- [TO DO]
Nothing but an exact copy is asked for: the lines in the material below from the one with "100 HP Reliance" through the one with "Black Panther As", pictures excluded.
------ INPUT
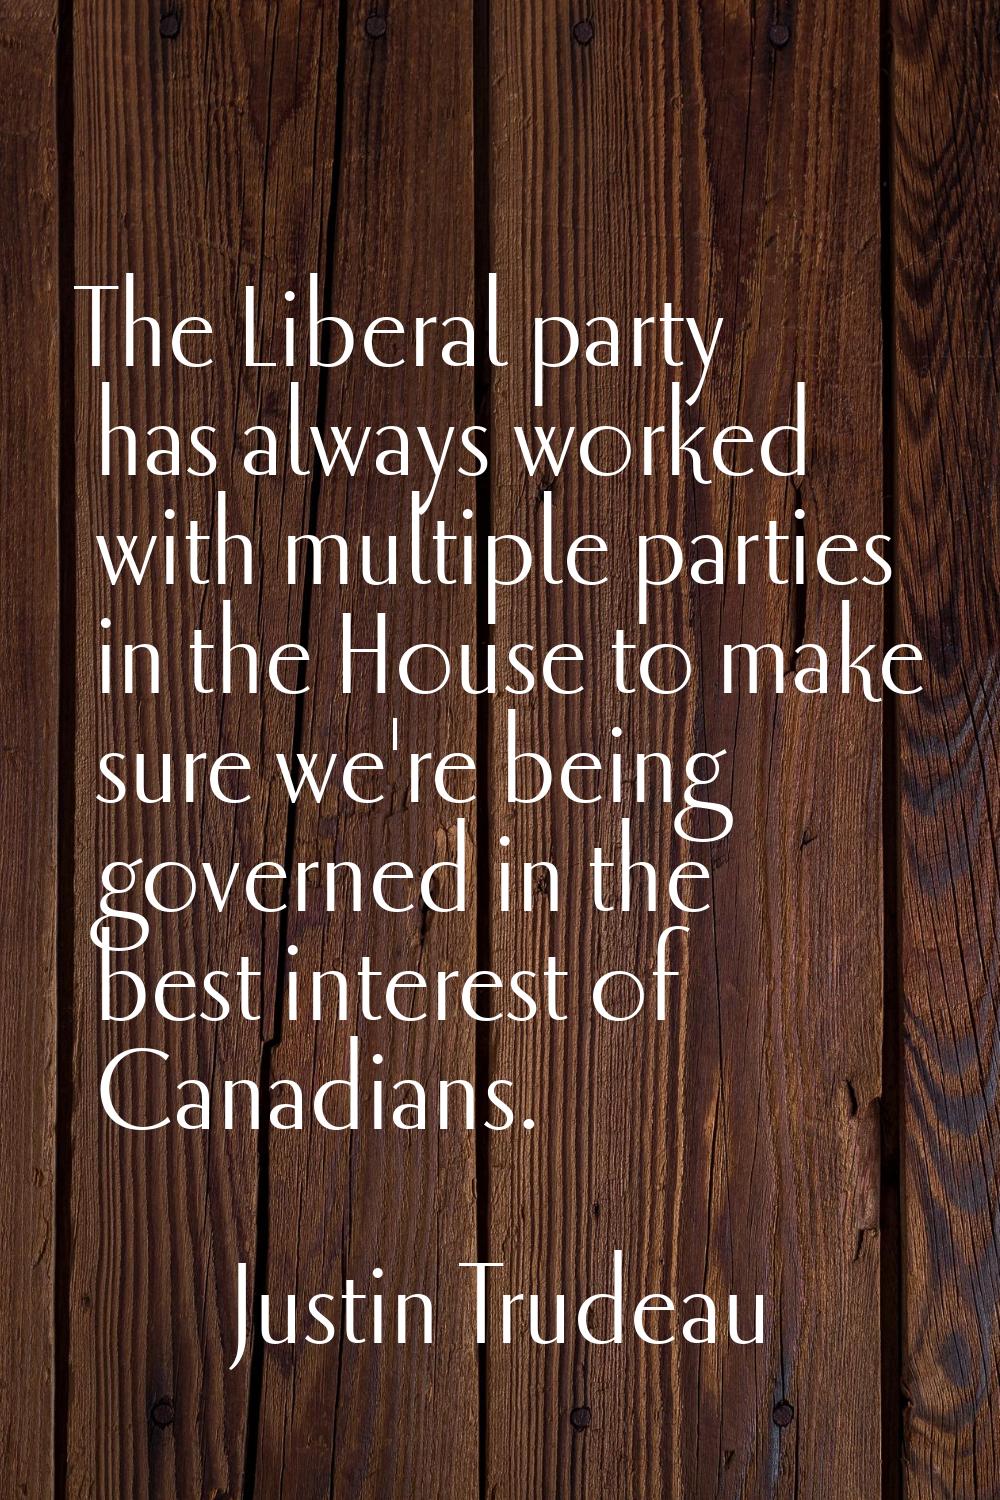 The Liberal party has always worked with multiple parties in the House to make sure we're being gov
------------
------ INPUT
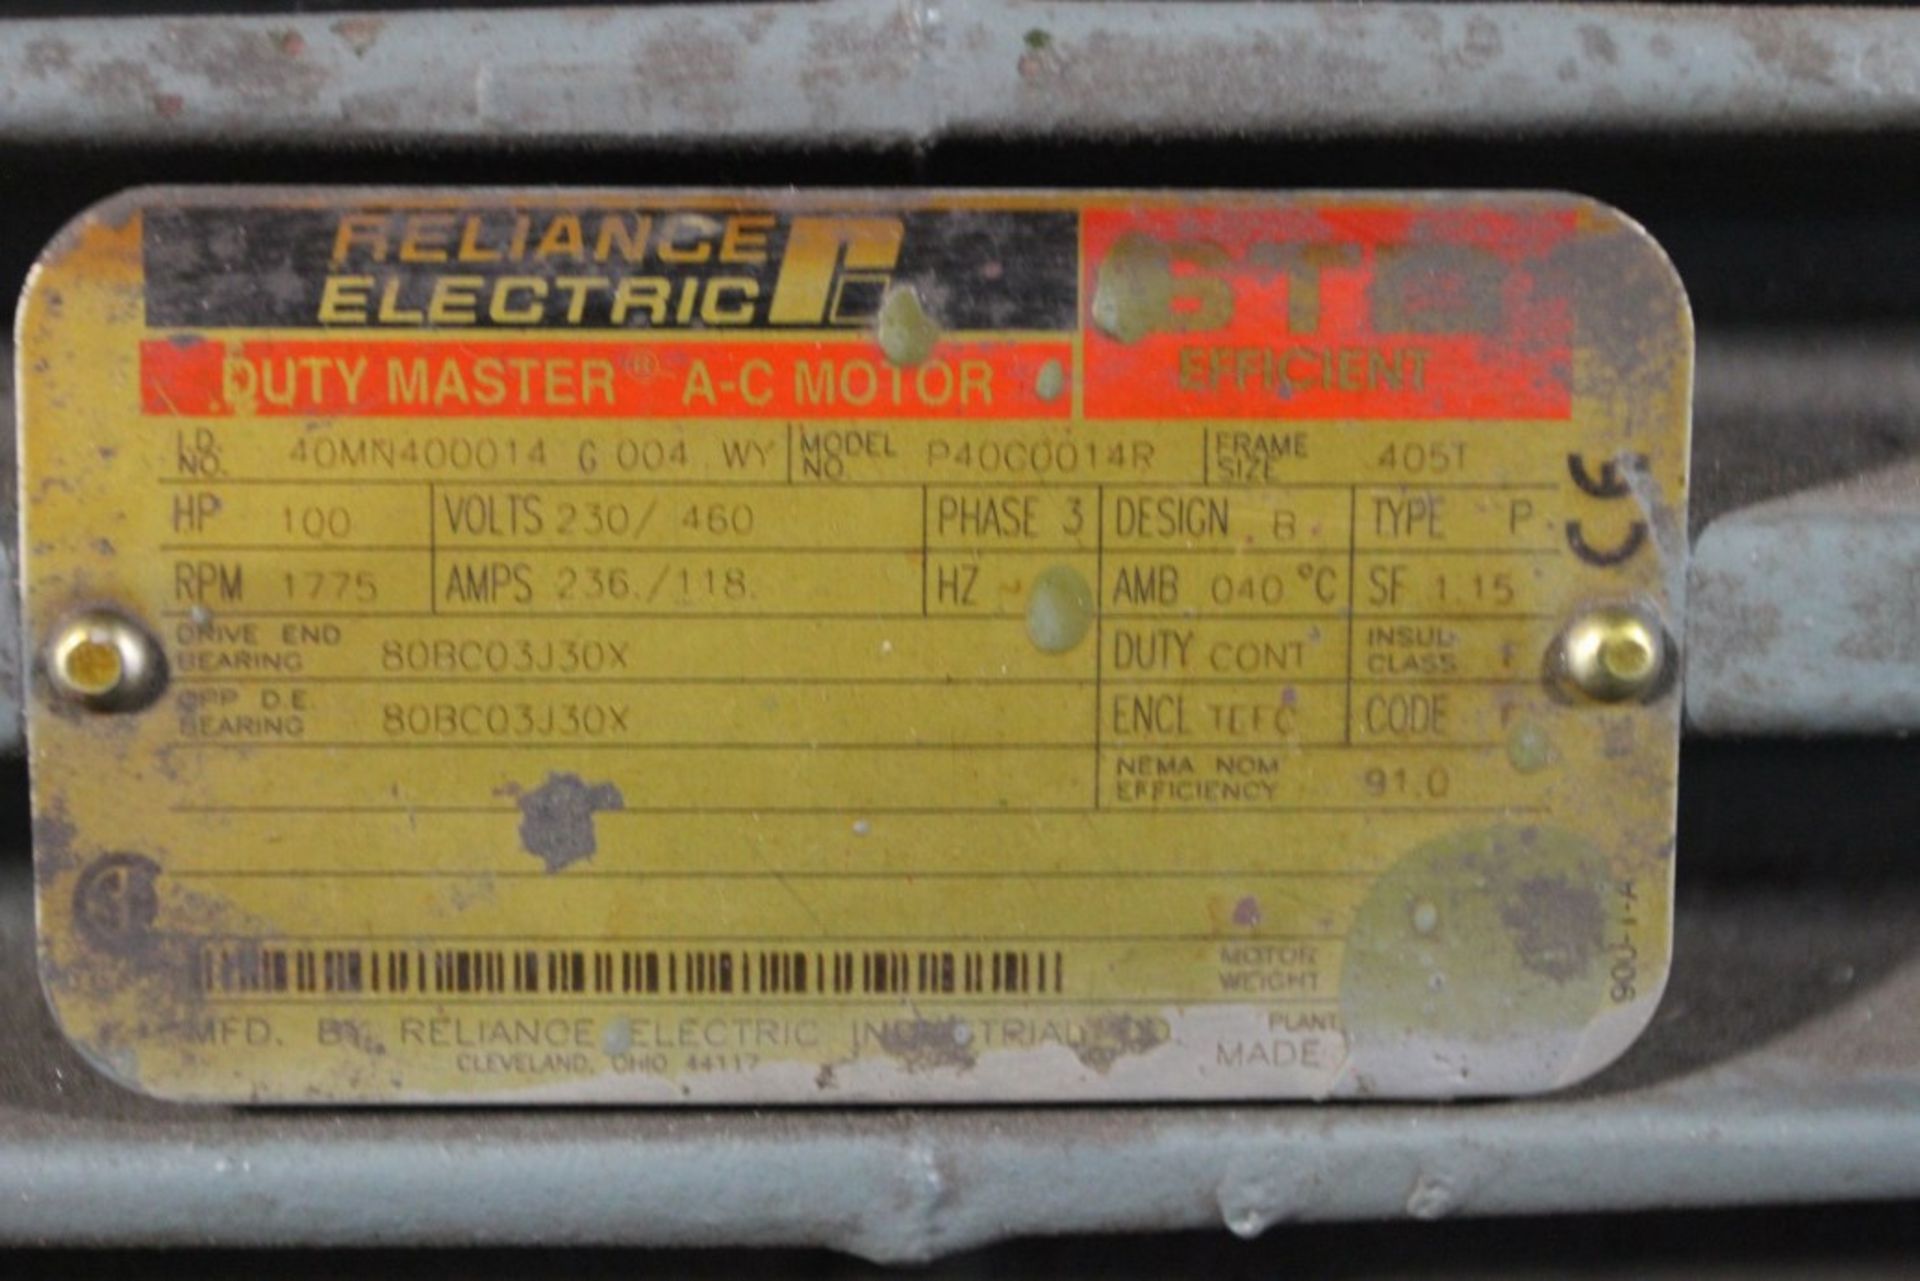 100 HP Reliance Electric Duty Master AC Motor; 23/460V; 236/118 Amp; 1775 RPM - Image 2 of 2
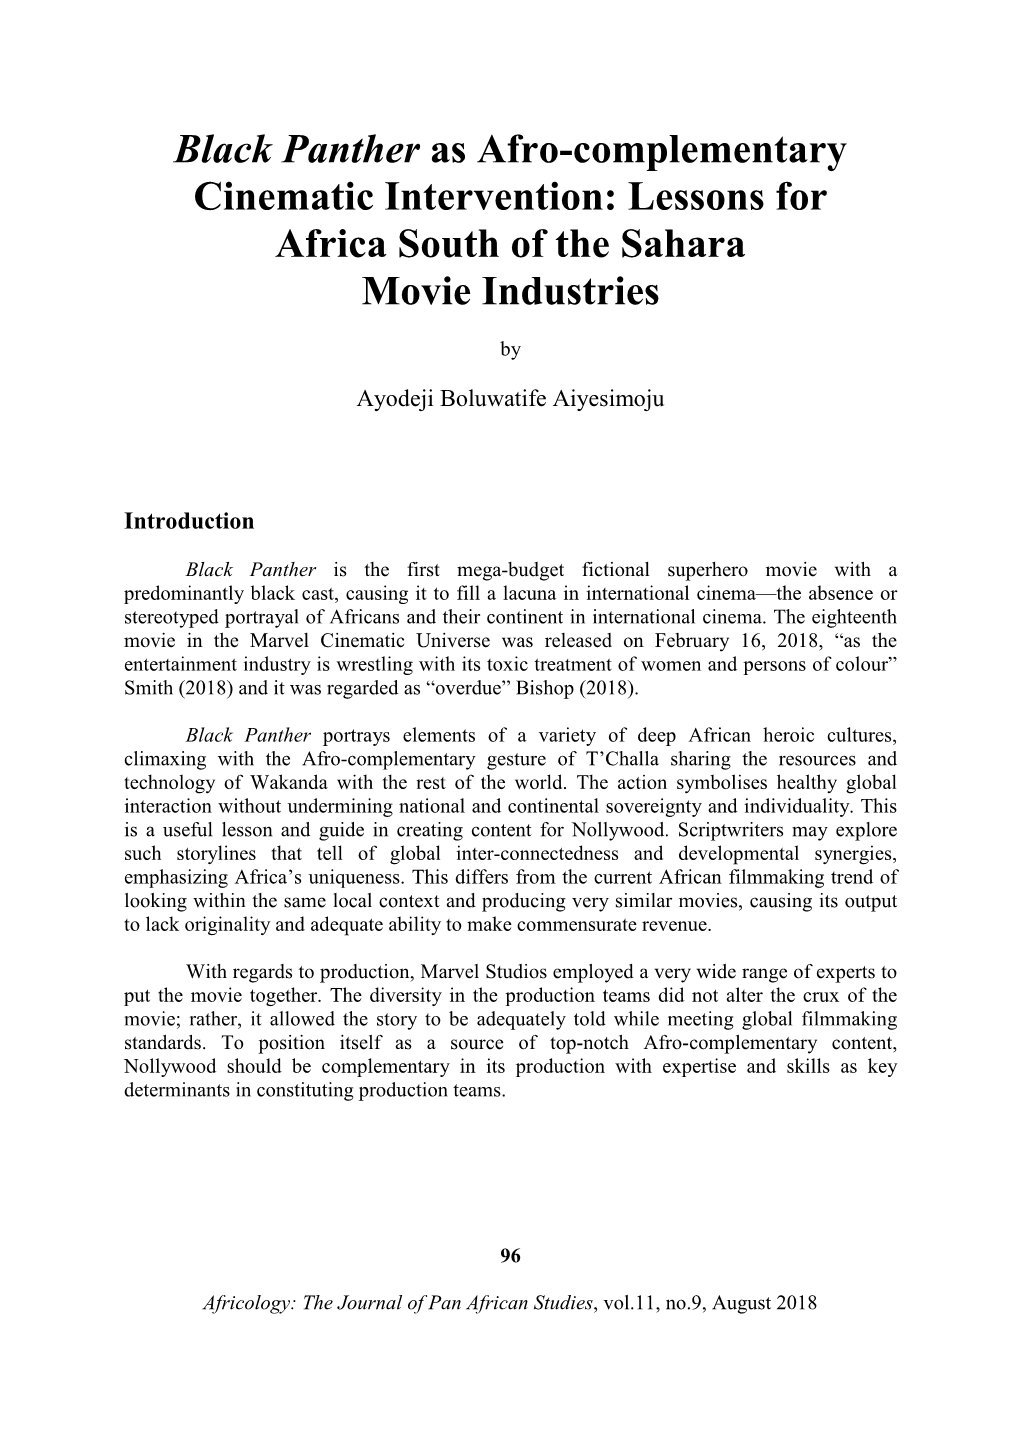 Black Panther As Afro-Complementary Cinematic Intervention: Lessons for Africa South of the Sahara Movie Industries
------------
------ INPUT
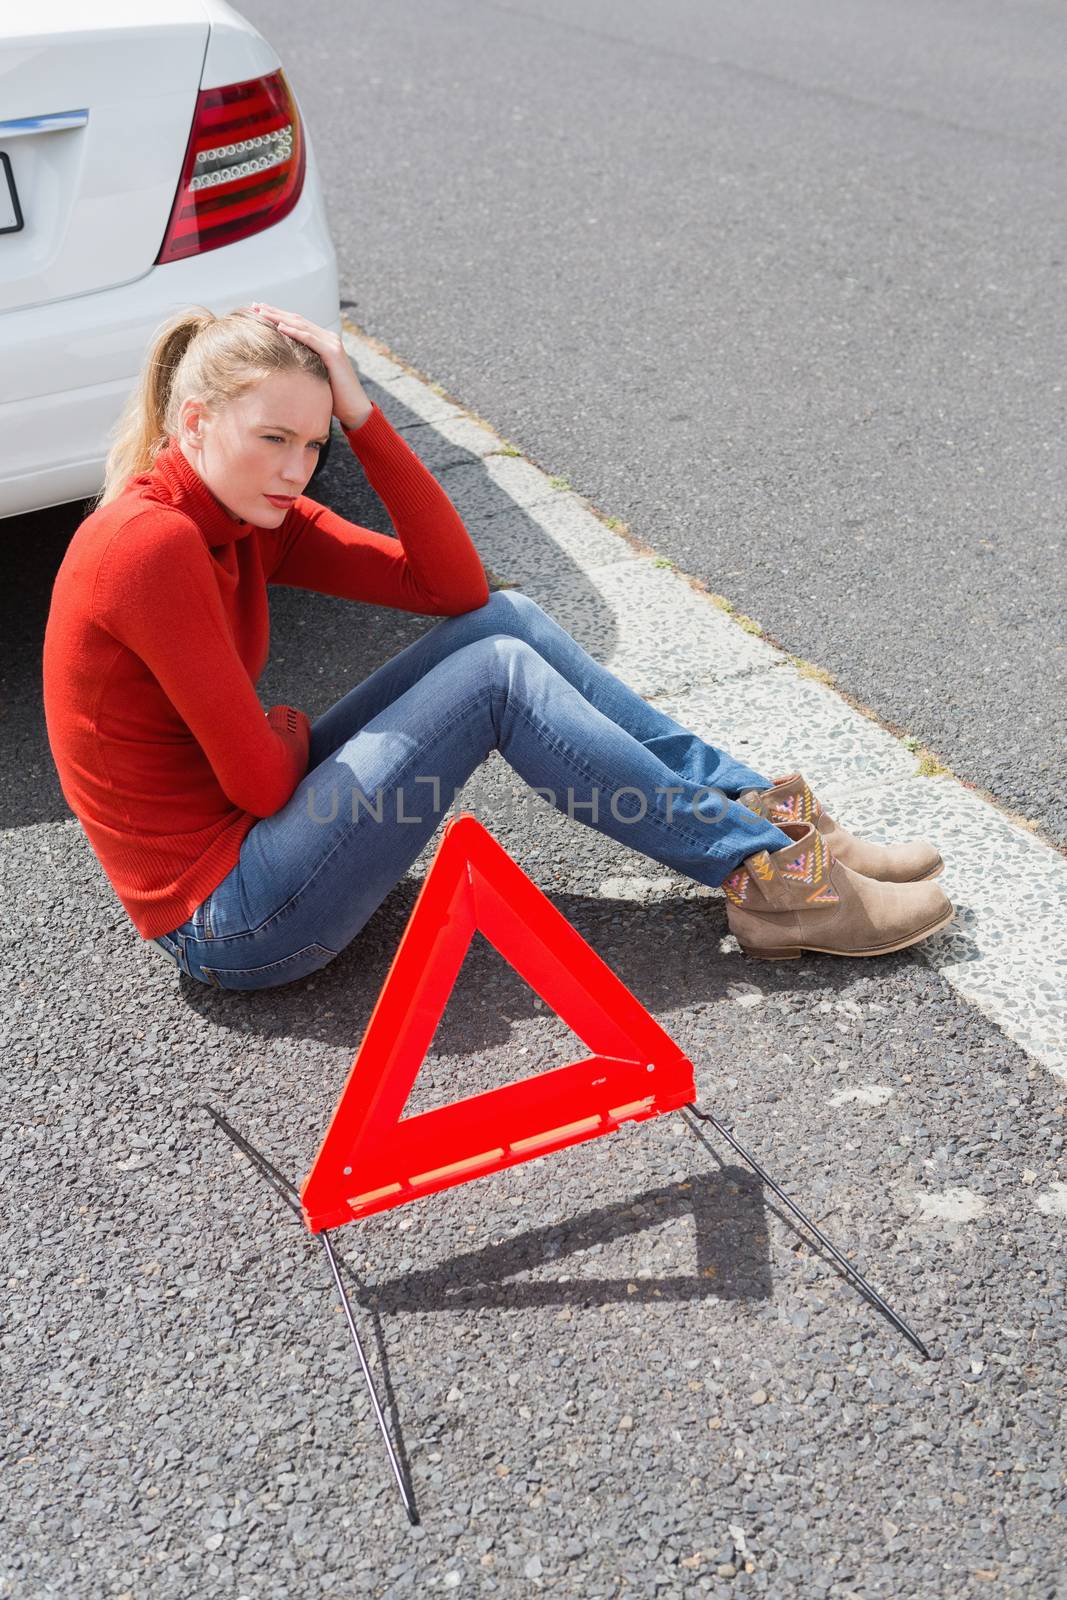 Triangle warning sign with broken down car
------------
- [PROBLEM SOLUTION]
 100 HP Reliance Electric Duty Master AC Motor; 23/460V; 236/118 Amp; 1775 RPM - Image 2 of 2
 Black Panther As Afro-Complementary Cinematic Intervention: Lessons for Africa South of the Sahara Movie Industries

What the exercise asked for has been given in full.